Find the ratio of the volumes of NaC3H5O3 soloution to HC3H5O3 (lactic acid) required to prepare a buffer with a pH of 3.90. the solutions are equal in molarity. Ka = 1.4 x 10-4 for HC3H5O3.
ratio = ________ mL of NaC3H5O3 per mL of HC3H5O3
To find the ratio of volumes of NaC3H5O3 solution to HC3H5O3 required to prepare a buffer with a pH of 3.90, we need to use the Henderson-Hasselbalch equation:
pH = pKa + log ([A-]/[HA])
Where pH is the desired pH of the buffer, pKa is the acid dissociation constant, [A-] is the concentration of the conjugate base (NaC3H5O3), and [HA] is the concentration of the acid (HC3H5O3).
Since the solutions are equal in molarity, we can express the concentrations as:
[A-] = [HA]
Let's assume the initial concentration is 'C'.
So, [A-] = C and [HA] = C.
Also, we can convert the pKa to Ka:
Ka = 10^(-pKa)
Therefore, Ka = 10^(-4.90) = 1.4 x 10^(-5)
Now, let's substitute the values into the Henderson-Hasselbalch equation:
3.90 = -log(1.4 x 10^(-5)) + log(C/C)
Simplifying the equation:
3.90 = -(-4.85) + log(1)
3.90 + 4.85 = log(1) + log(C/C)
8.75 = log(C/C)
Now, let's convert the logarithmic equation into an exponential equation:
10^8.75 = C/C
Simplifying:
C^2 = 10^8.75
Taking the square root:
C = sqrt(10^8.75)
C ≈ 5.623 x 10^4
Therefore, the concentration of both NaC3H5O3 and HC3H5O3 is approximately 5.623 x 10^4 M.
To find the ratio of volumes, we need to calculate the moles of NaC3H5O3 and HC3H5O3 required.
Moles = Concentration x Volume
Let's assume the volume of HC3H5O3 is 'V'.
Moles of HC3H5O3 = (5.623 x 10^4) x V
To maintain the equal molarities, the volume of NaC3H5O3 will also be 'V'.
Moles of NaC3H5O3 = (5.623 x 10^4) x V
The ratio of volumes of NaC3H5O3 solution to HC3H5O3 is:
Volume ratio = Volume of NaC3H5O3 / Volume of HC3H5O3
= (5.623 x 10^4) x V / V
= 5.623 x 10^4
Therefore, the ratio is approximately 5.623 x 10^4 mL of NaC3H5O3 per mL of HC3H5O3.
To find the ratio of the volumes of NaC3H5O3 solution to HC3H5O3 required to prepare the buffer, we need to use the Henderson-Hasselbalch equation. The Henderson-Hasselbalch equation relates the pH of a buffer solution to the pKa of the acidic component and the ratio of its concentrations.

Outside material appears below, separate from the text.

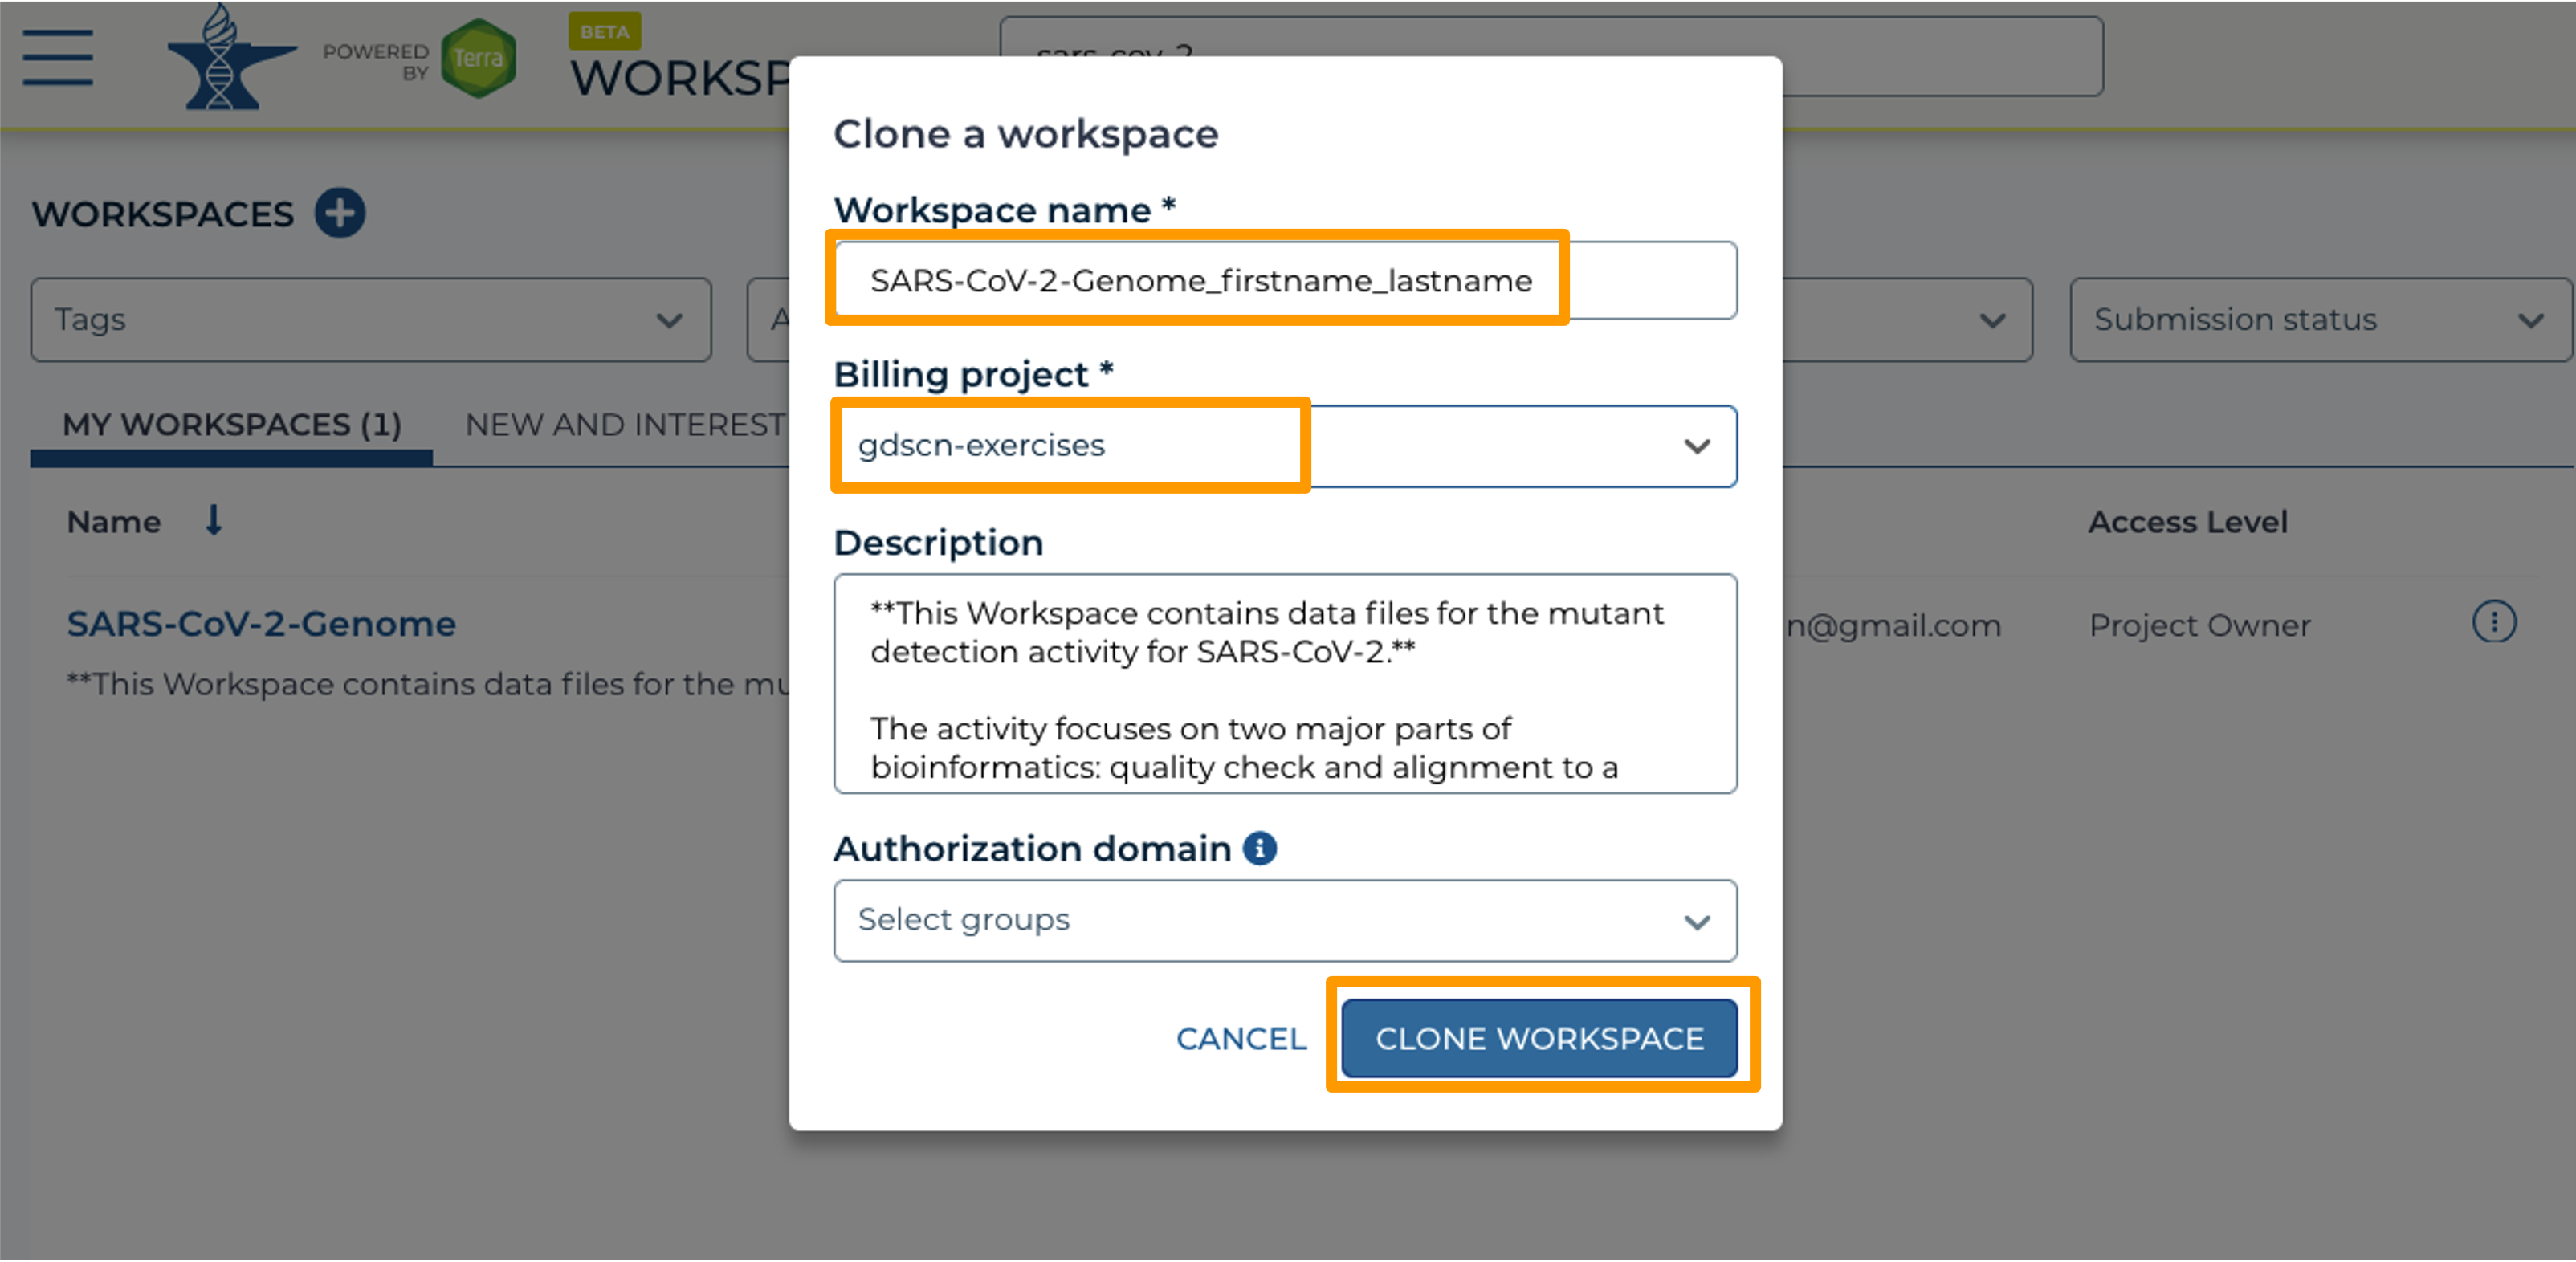 Screenshot showing the "clone a workspace" popout. The Workspace name, Billing Project, and Clone Workspace button have been filled in and highlighted.

The Henderson-Hasselbalch equation is given by:
pH = pKa + log ([A-] / [HA])
In this case, NaC3H5O3 is the conjugate base (A-) and HC3H5O3 is the acid (HA) in the buffer solution. We are given that the pH of the buffer is 3.90 and the pKa of HC3H5O3 is 1.4 x 10^-4.
Rearranging the equation, we have:
log ([A-] / [HA]) = pH - pKa
Taking the antilog of both sides, we have:
[A-] / [HA] = 10^(pH - pKa)
Since the solutions are equal in molarity, we can substitute [A-] / [HA] with the ratio of their volumes. Let's call the volume of NaC3H5O3 solution V_Na and the volume of HC3H5O3 solution V_H.
(V_Na / V_H) = 10^(pH - pKa)
Now, let's plug in the values:
pH = 3.90
pKa = 1.4 x 10^-4
(V_Na / V_H) = 10^(3.90 - 1.4 x 10^-4)
Calculating this on a calculator, we find that the ratio of the volumes of NaC3H5O3 solution to HC3H5O3 required to prepare the buffer is approximately:
ratio = 244657 : 1 (rounded to the nearest whole number)
Therefore, the ratio is 244657 mL of NaC3H5O3 per mL of HC3H5O3.